Task to carry out: Restate word for word the lines below that run from the one holding "Corporation Office 365" through the one holding "Alternate Image 1", inclusive. Pictures don't belong in the copy.

Data supplied:
========================================================================

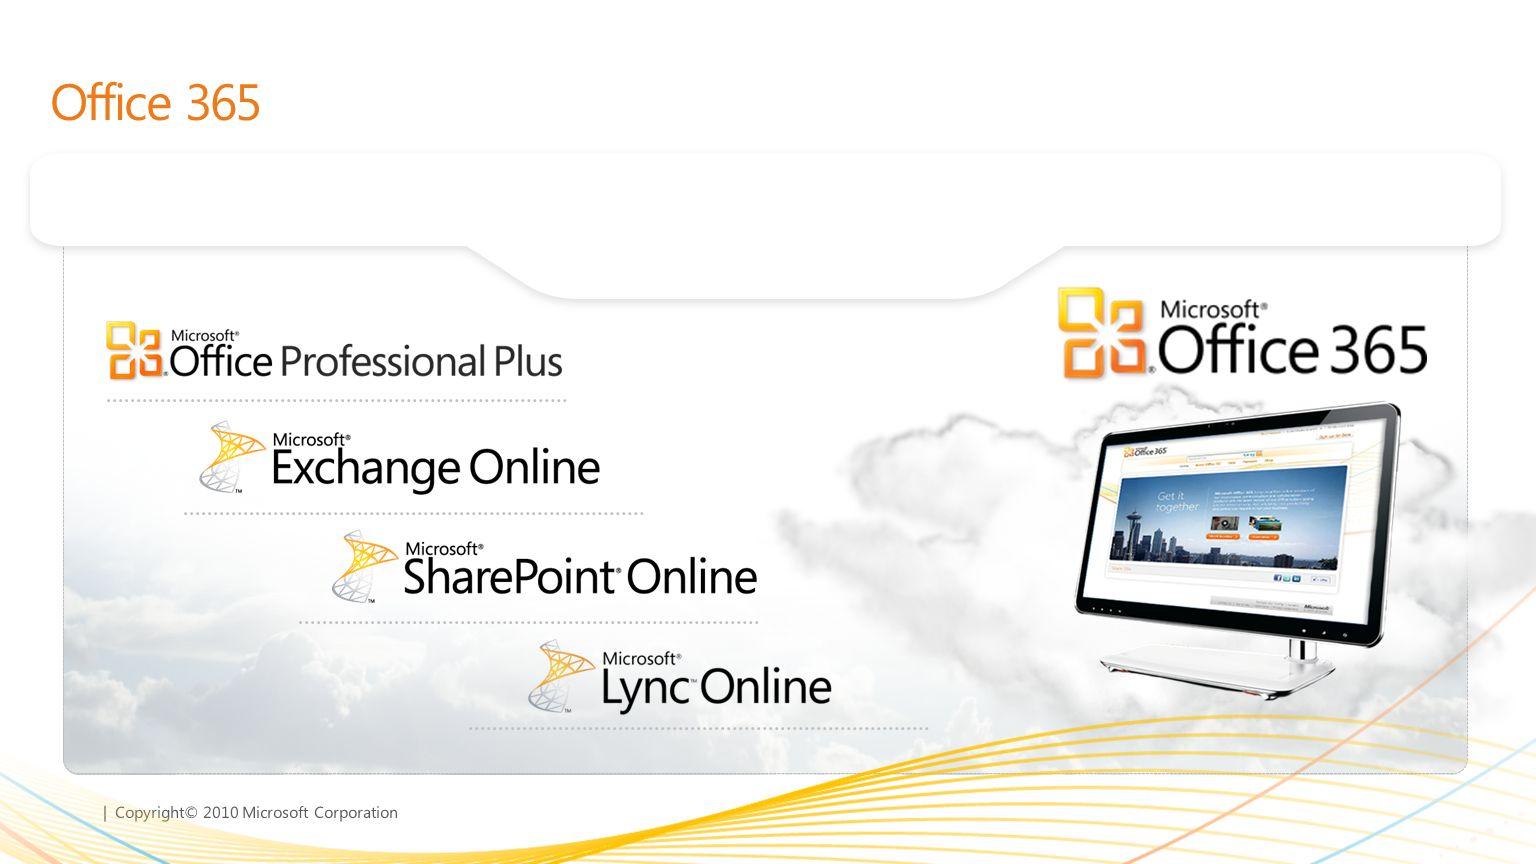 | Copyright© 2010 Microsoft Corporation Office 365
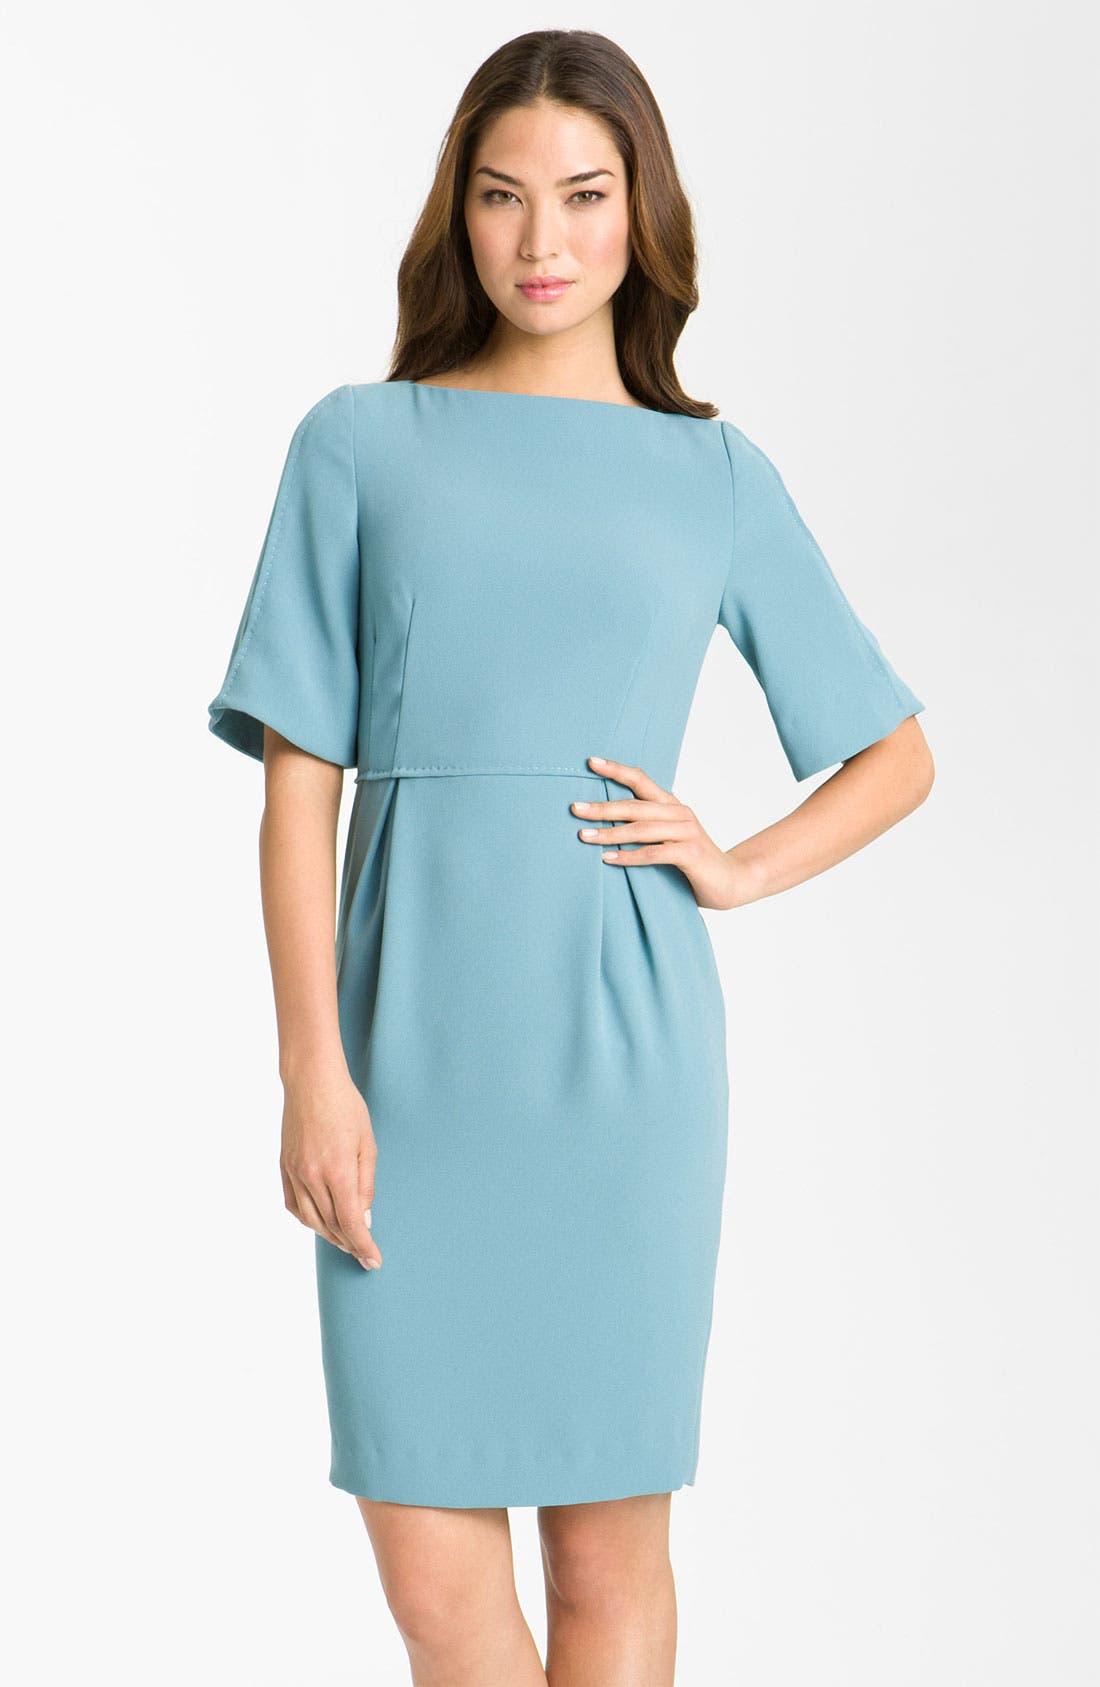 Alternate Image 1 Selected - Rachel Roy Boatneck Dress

========================================================================

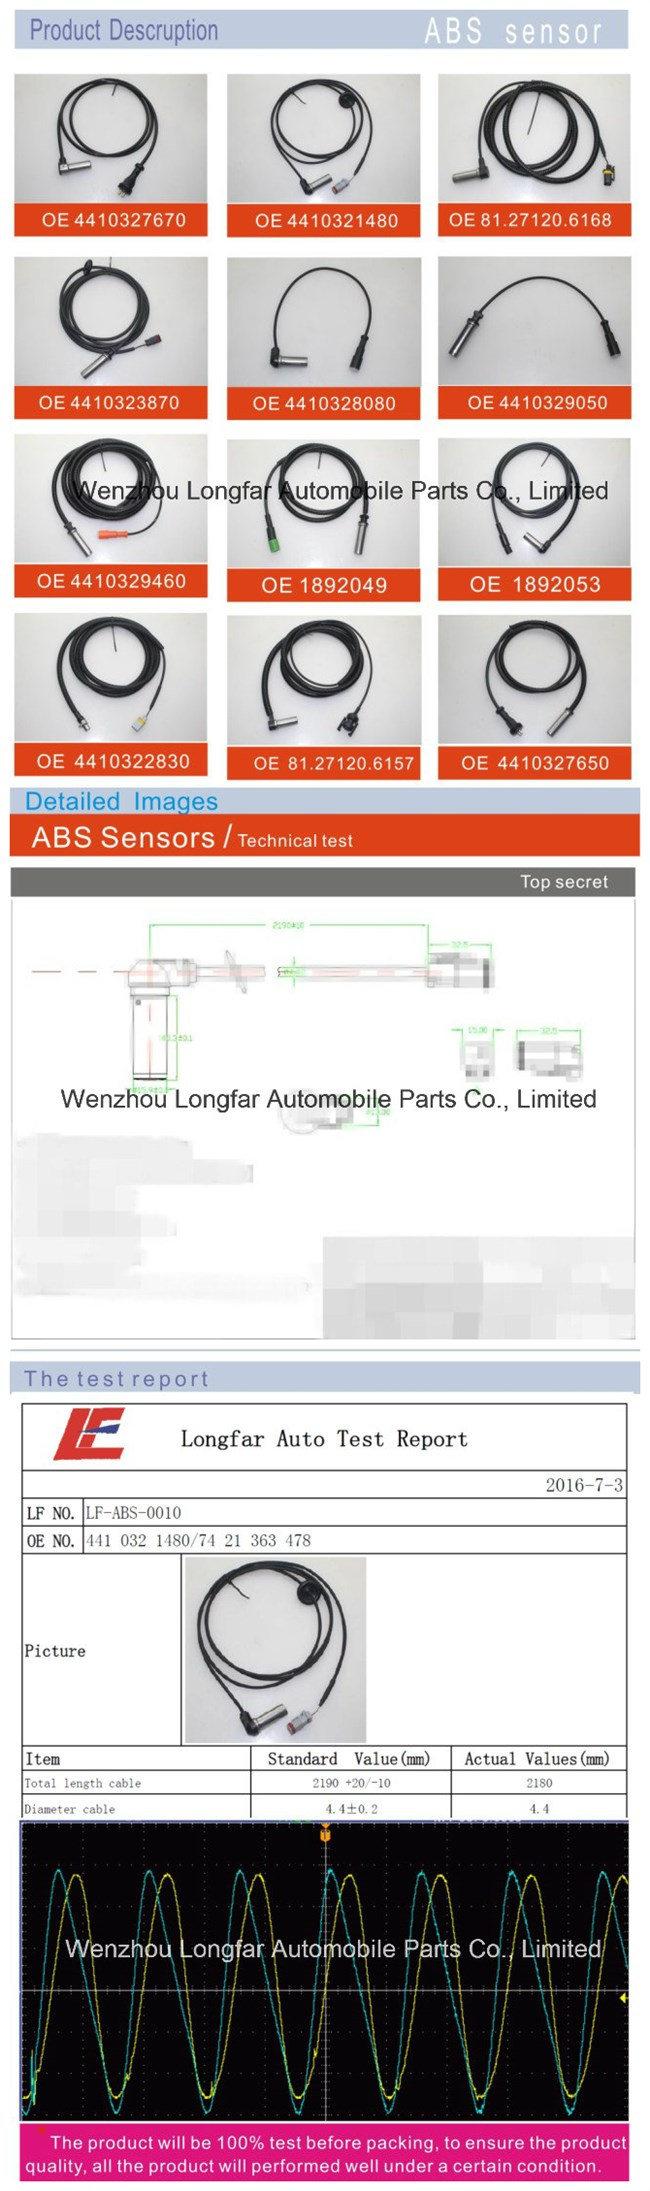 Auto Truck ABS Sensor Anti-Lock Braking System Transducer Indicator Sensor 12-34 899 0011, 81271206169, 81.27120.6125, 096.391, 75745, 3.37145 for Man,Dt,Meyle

========================================================================

Expected answer:
 | Copyright© 2010 Microsoft Corporation Office 365
 Alternate Image 1 Selected - Rachel Roy Boatneck Dress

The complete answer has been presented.